No, NAT strictly defines translation, not where traffic goes.
-
Yeah - Its does work.
If a openvpn client interface is selected on manual outbound NAT, that interface is where all the outbound traffic that meets the criteria stipulated will exit.
I'm sure you know lots more than me, but you can't tell me that something that has been working for me for a long time doesn't work. I know it does because its working for me now. Not theory.
However, I agree, that doing it in firewall rules also works.
-
But why NAT VPN traffic between distinct private lans?
-
What this guy is asking for isn't actually uncommon at all if I'm understanding correctly.
There is a site A and a site B
He wants all internet bound traffic from a particular interface on site B to go out over vpn to a server at site A.
Seems simple enough.

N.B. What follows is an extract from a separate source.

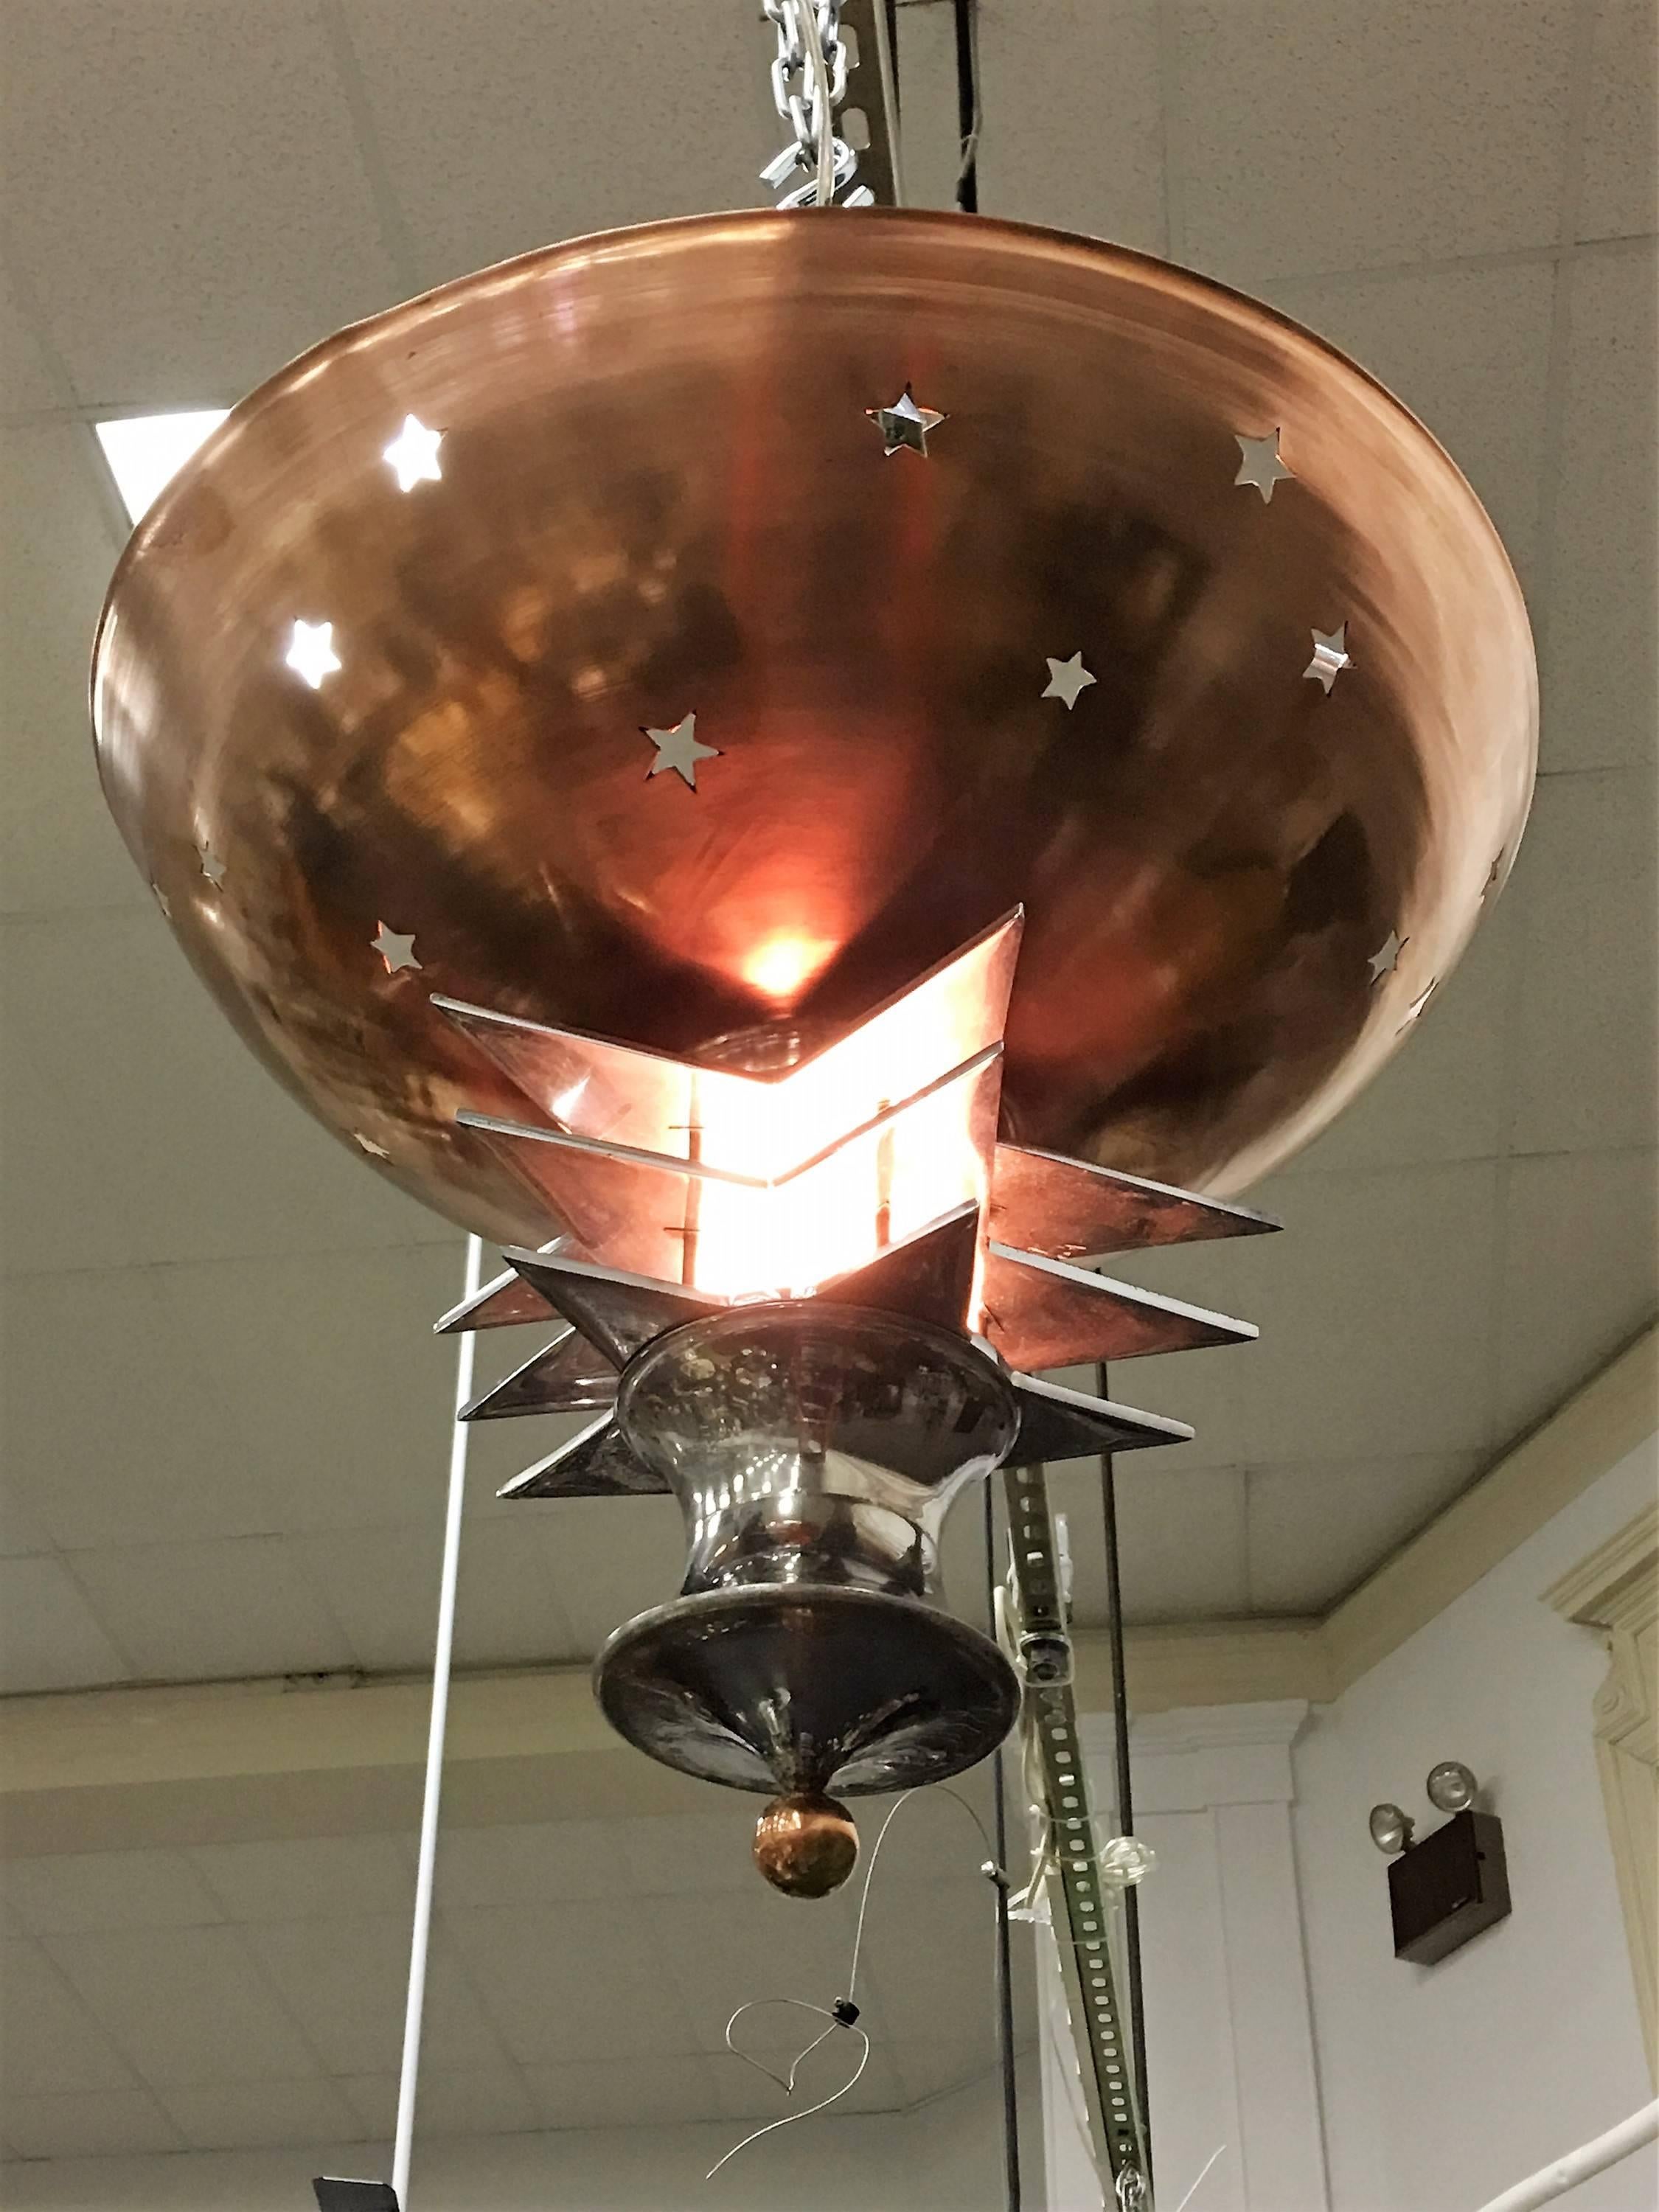 Fantastic multi dimensional copper and chrome finished art deco chandelier with a full four sided chrome star on top and a copper star studded cut-out bowl .Stacked chrome stars forms complete the base, milk glass shade covers the light fixture

Anyway - Will be interesting to see what he works out.
-
Hi,
Sorry my diagram is somewhat incorrect and my original phrasing of the question is quite poor.

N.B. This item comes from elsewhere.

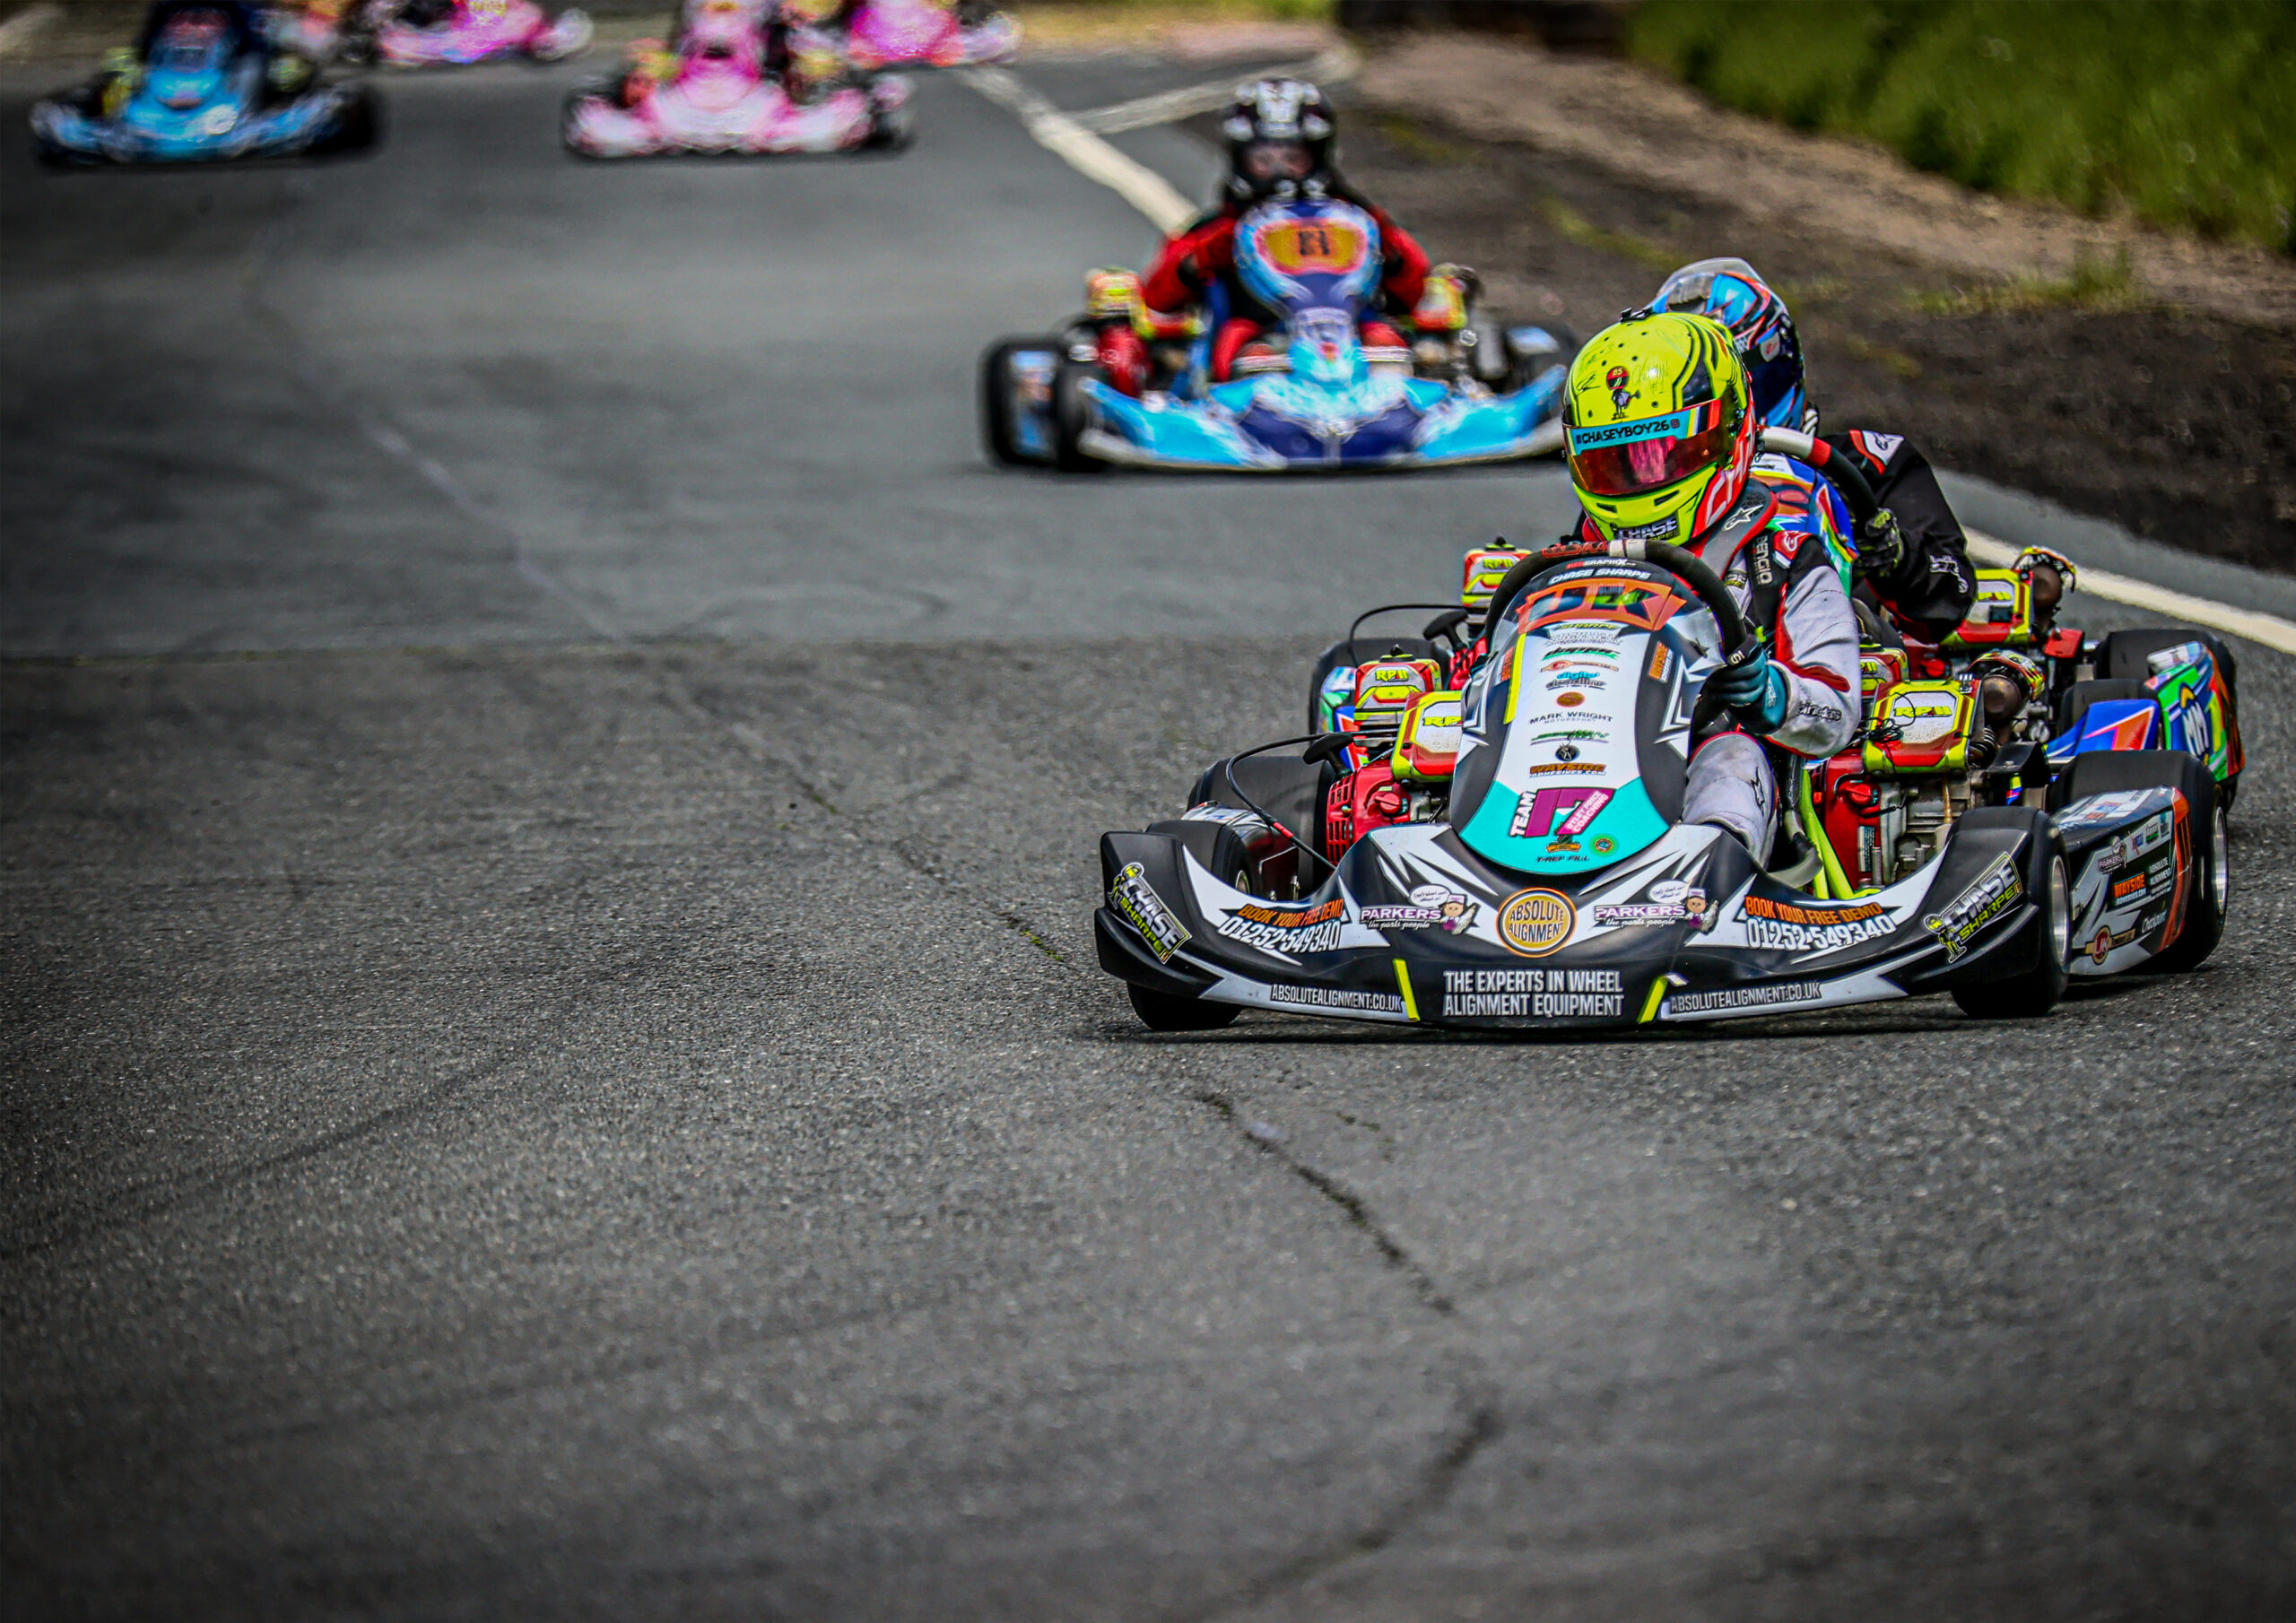 EBC-Equipped Chase Sharpe Excels in Shenington Round of Junior Pro Kart Series

Here's what I want – I want to route all traffic coming into OPT3 at the office sent to the datacentre, then out the datacentre's internet connection.

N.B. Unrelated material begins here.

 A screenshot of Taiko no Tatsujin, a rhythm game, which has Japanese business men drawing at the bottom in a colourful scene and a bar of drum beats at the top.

I would have thought this is a fairly typical configuration. I've found guides on how to send ALL traffic from the pfSense through the IPSEC tunnel, but no guide on how to funnel traffic out a single interface through an IPSEC tunnel.
I'd rather not use OpenVPN because all our Site to Site VPNs are established using IPSEC. But if it so happens that IPSEC cannot accomplish what I want, I will use OpenVPN
Can someone answer the million dollar question: 192.168.254.0/24 at Site A; 192.168.253.0/24 at Site B; IPSEC tunnel established between the two. Now, I need to send traffic from 192.168.254.0/24 at Site A through the IPSEC tunnel to Site B, then NAT it out the WAN connection of Site B.
I hope that explains it!
-
Why don't you just have both "sharing clients" connect directly to the office pfsense directly via openvpn for internet sharing?
-
Because I am trying to provide internet access to an entire business (so devices like their printers etc can get internet access), not a VPN system.
-
Yeah - Its does work.
If a openvpn client interface is selected on manual outbound NAT, that interface is where all the outbound traffic that meets the criteria stipulated will exit.
No, it doesn't. NAT only defines translation, the system routing table and/or policy routing rules tell traffic where to go. You have a route or rule that's directing the traffic out of the VPN.
-
If the vpn server is configured correctly and the client, routes exist.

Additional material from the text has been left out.